Immediately, I lock eyes with a guy sitting against the opposite wall.
He’s staring at me, though he does jerk in surprise when I first look at him. But, instead of doing the usual thing where you dramatically glance around, putting on a show that says, Oh no, I wasn’t staring at you. You just happened to catch me as I was looking at everything in the room, the guy keeps on watching me.
I scan my clothes, looking for a giant stain or something else that would make me worth examining. But the crisp linen shirt I ironed this morning is spotless. When I brush my hand across my mouth, I don’t feel any stray crumbs. A quick finger-comb of my hair assures me that nothing is sticking out at a strange angle.
So, what’s this guy’s issue?
Flipping my eyes back to his side of the room, I find him still looking my way, only now he has a half-smile. Like he found my self-examination amusing.
Well, he’s not the only one here who can gawk at strangers.
I place my highlighter down, angle my body toward him, and set to staring.
Then, I make my list.
1. Strawberry-blond hair with a touch of a curl in slight disarray. Probably did that on purpose with styling products.
2. Wire-rimmed glasses sitting on a straight nose, making him look like a young professor. Bet they’re not even prescription.
3. Blue-checkered dress shirt, neatly tucked into corduroy slacks. Preppy much?
4. Can’t tell how tall he is, as he’s sitting down, but I bet he’s obnoxiously tall. Like break my neck to look him in the eye tall.
5. Holding a book. Okay, I guess that’s hot.
6. Overall, too attractive for his own good.
As I reach my conclusion, his half-smile morphs into a full-on smirk.
Now, I’m annoyed. I’m over here, worried about my brother’s health, trying to stay sane during this wait, unable to tell which of these older men is Benjamin Gerhard—the person I’m getting myself cut open for—and Mr. Handsome Face is practically laughing at me.
He wants something to laugh at? I’ll give him something to laugh at.
I start with a fierce glare made to wither even the strongest of men. Then, without warning, I cross my eyes and stick out my tongue like the grown woman I am.
There, that should teach him to stare at strangers.
When my eyes settle back into their proper direction, I’m satisfied to find his mouth has popped open in shock.
Situation handled, I go back to my textbook, prepared to lose myself in the technical writing.
But then the chuckling starts.
With the self-control of an Amazon warrior, I keep my eyes on my book, even as the stranger’s choked laughter fills the room. I comfort myself with the knowledge that everyone else here probably thinks he’s crazy.
“Making new friends?” Marcus’s murmured question has me glancing up at him. Now, he’s the one with a half-smile.
Did he see my immature exchange with the stranger?
He grins and crosses his eyes at me.
Yes. Yes, he did.
“He started it,” I mumble back.
The laughter dies off.
The silence is more tempting than the noise, and I can’t hold back the urge to check on Mr. Annoyingly Attractive. His smile is gone. Instead, he appears puzzled as he glances between my brother and me.

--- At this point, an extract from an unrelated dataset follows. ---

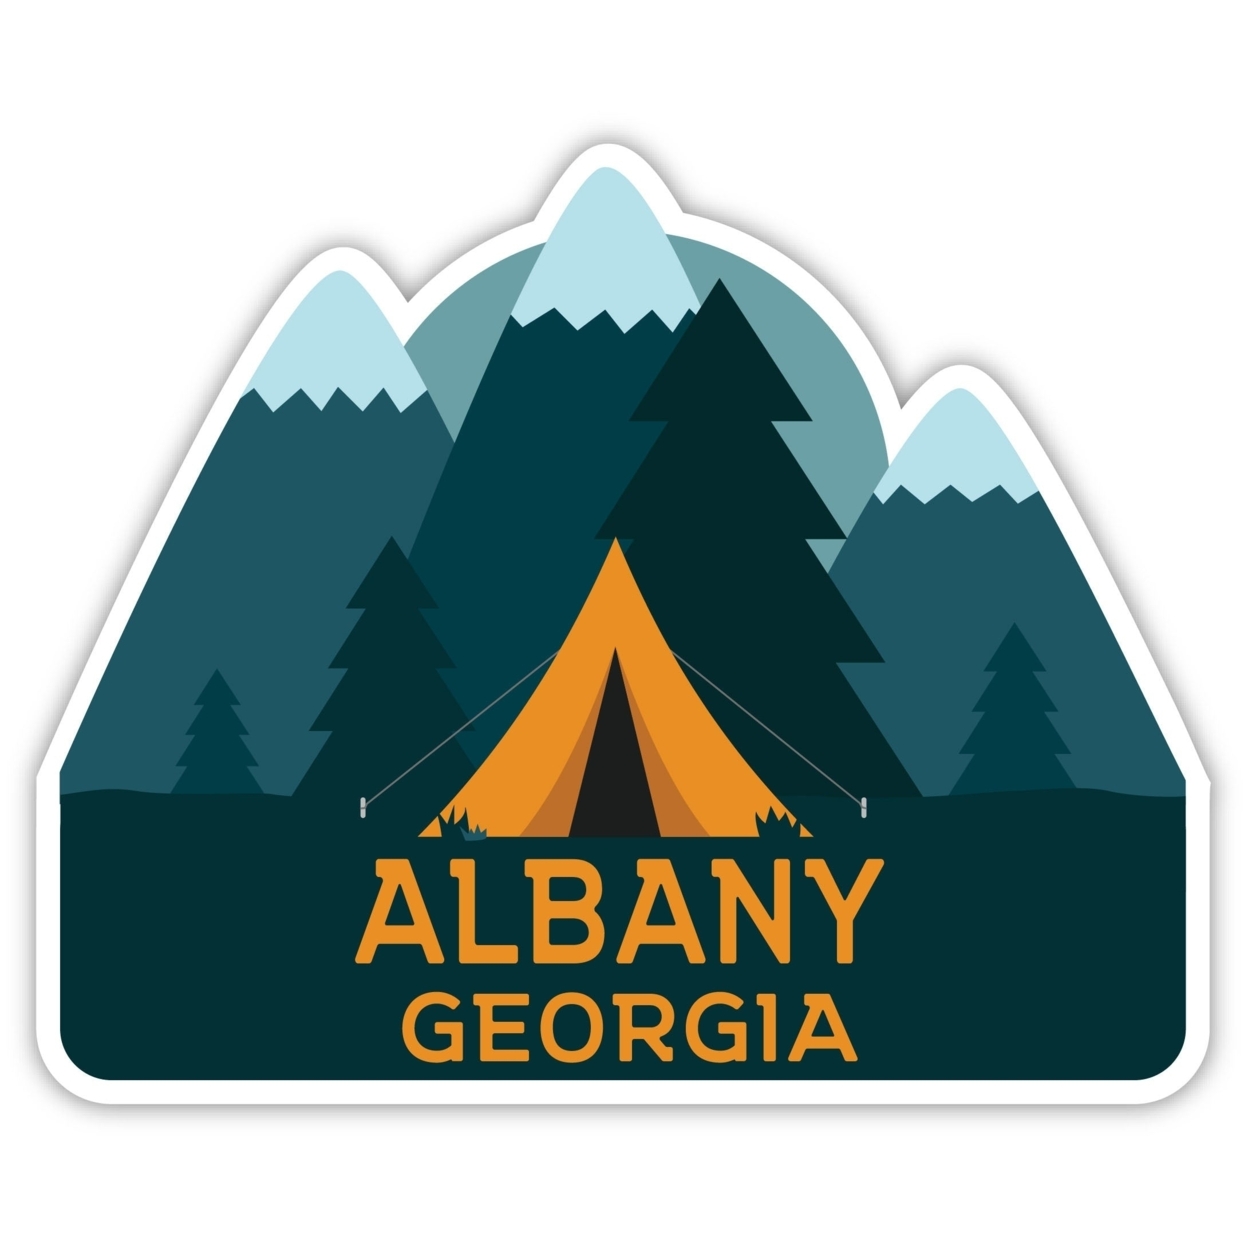 Albany Georgia Souvenir Decorative Stickers (Choose Theme And Size) - 4-Pack, 2-Inch, Tent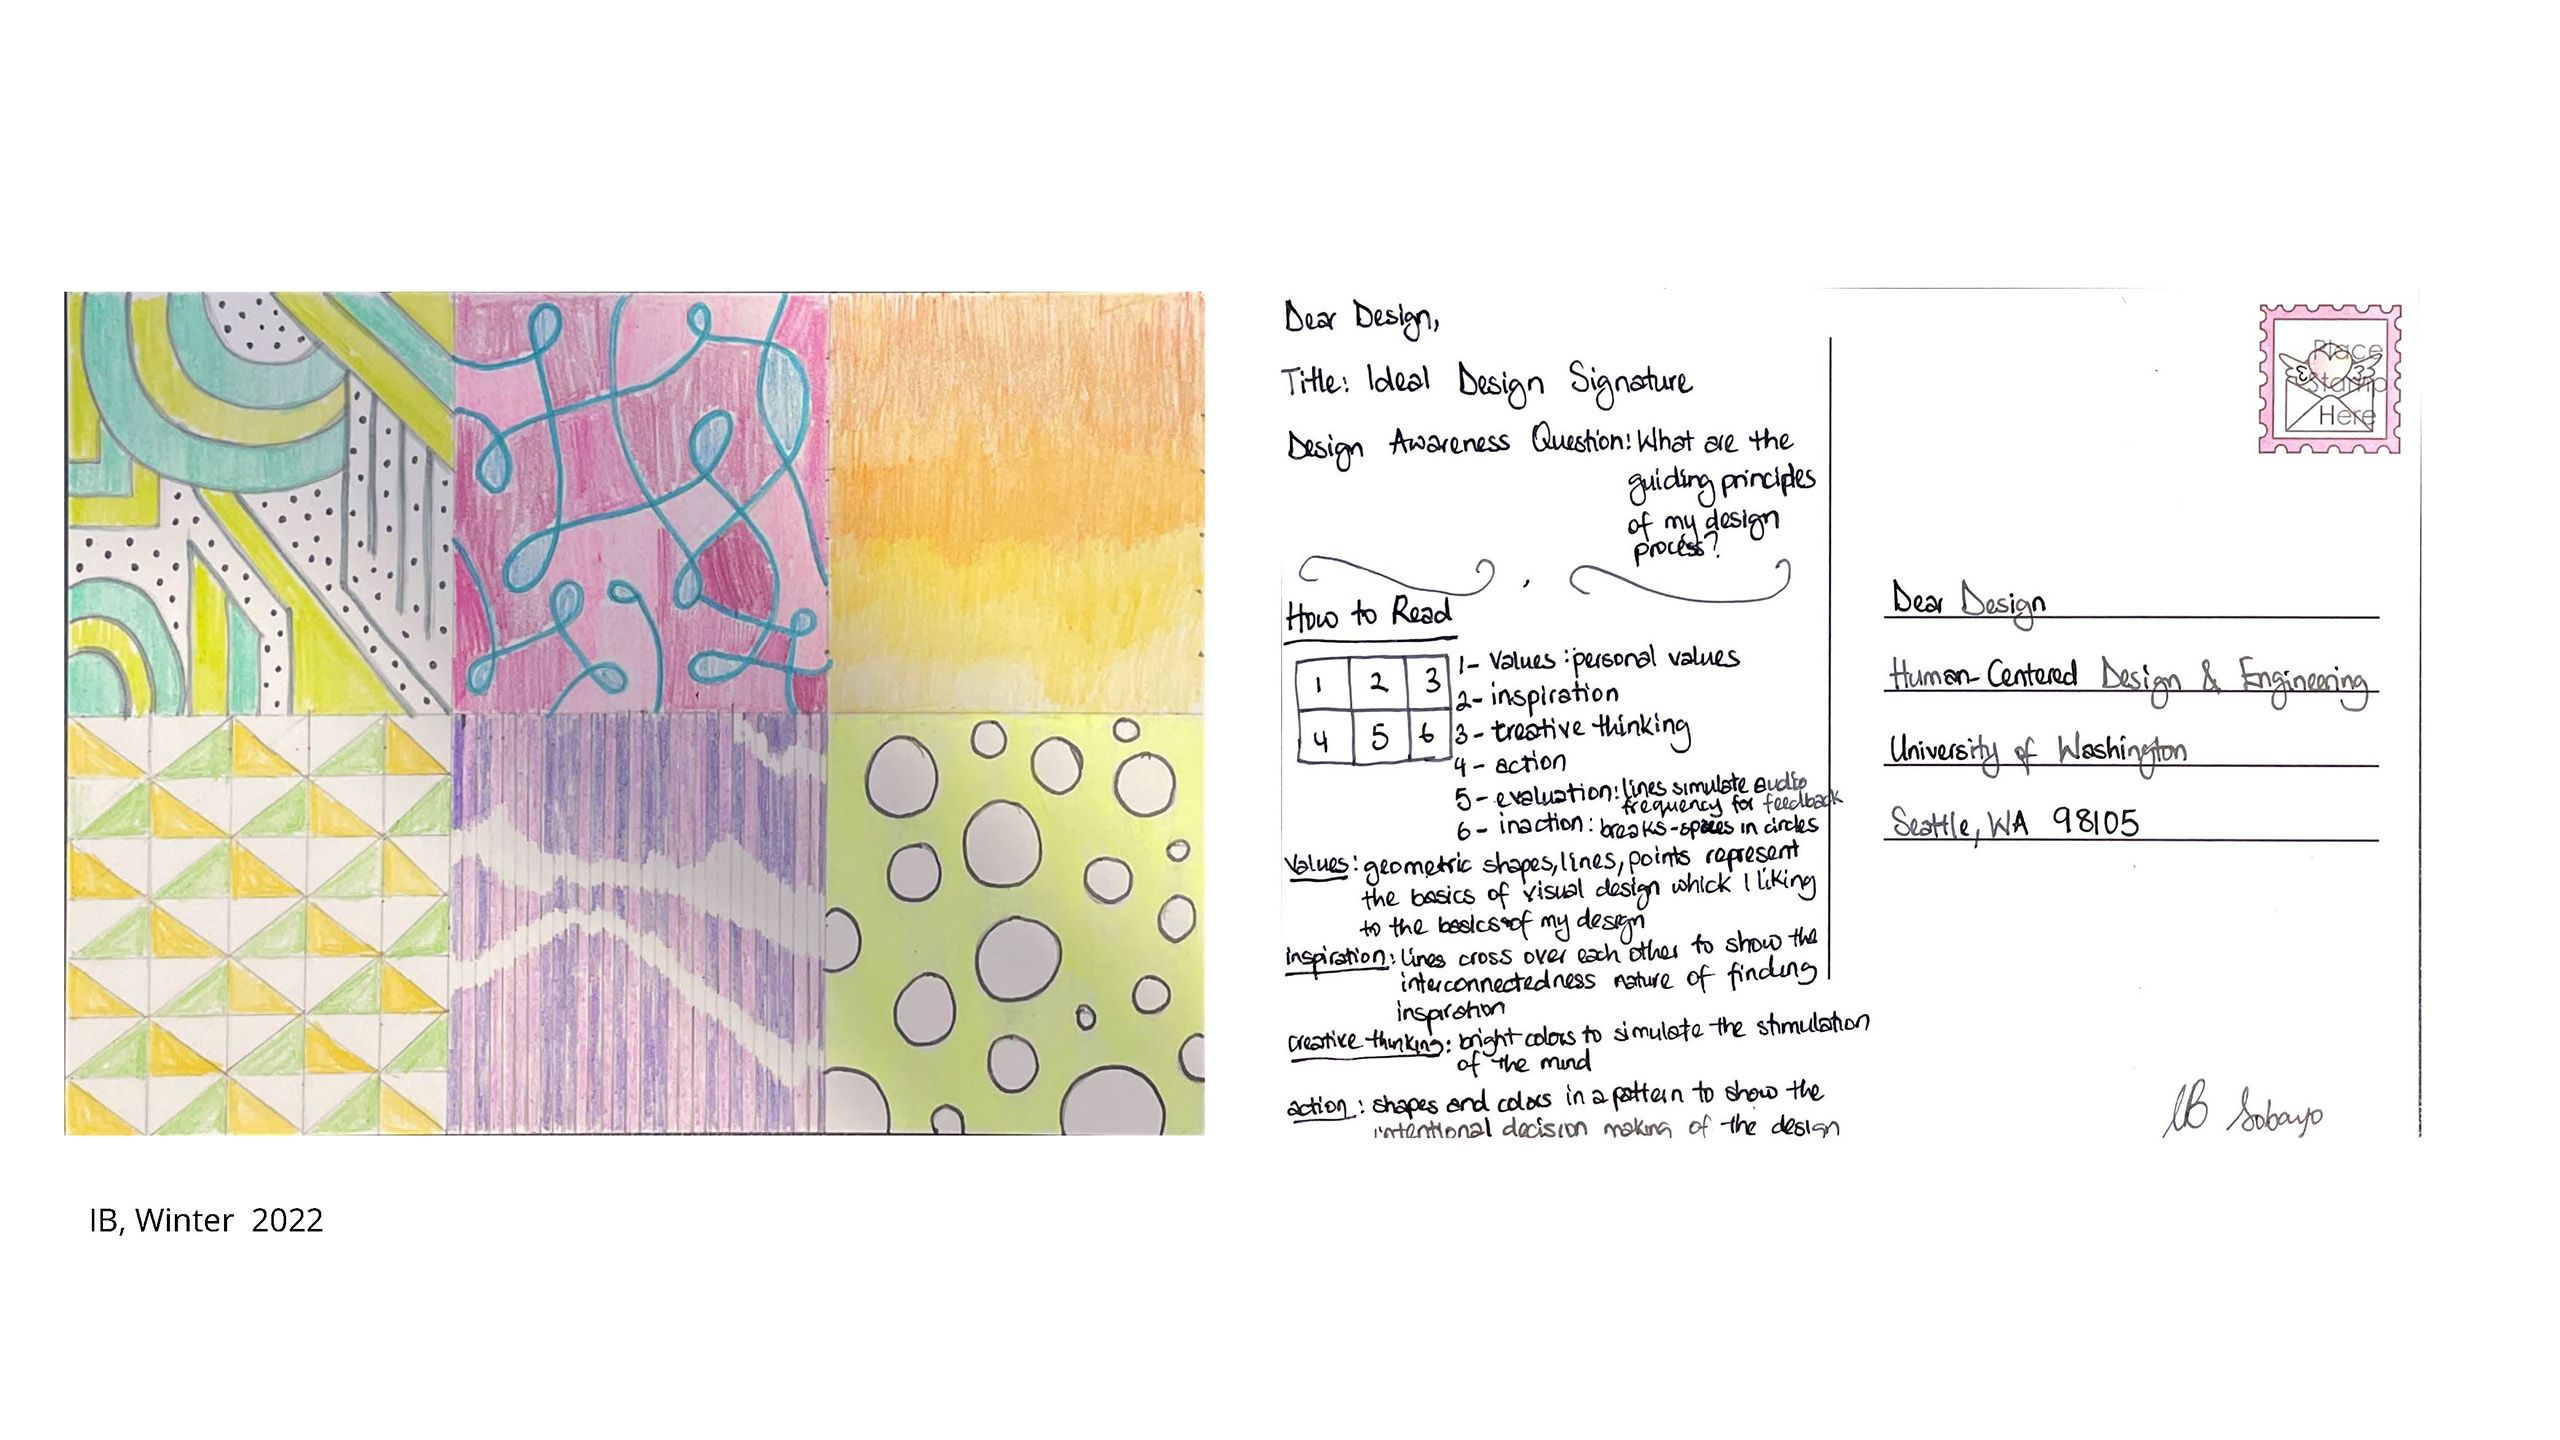 Student postcard illustration of their Ideal Design Process

I don’t have time to wonder about him any longer because the door beside reception swings open.
A woman in watermelon-colored scrubs appears and reads off her clipboard. “We’re ready for the Gerhards and the Fosters now.”
As I stand, I scan the room, trying to get my first look at Mr. Gerhard. But the only person who stands up besides Marcus and me is Mr. Getting-on-My-Nerves Gorgeous.
“You?” I can’t hide my disbelief. I shake my head to clear it. Or to deny the truth.
He’s too young!
I just stuck my tongue out at him!
This can’t be right!
The guy looks just as confused as I am, gaze flitting between me and the woman sitting in the chair next to mine. I’m still convinced that he is joking and will sit back down. But then he says one word, and my fate is sealed.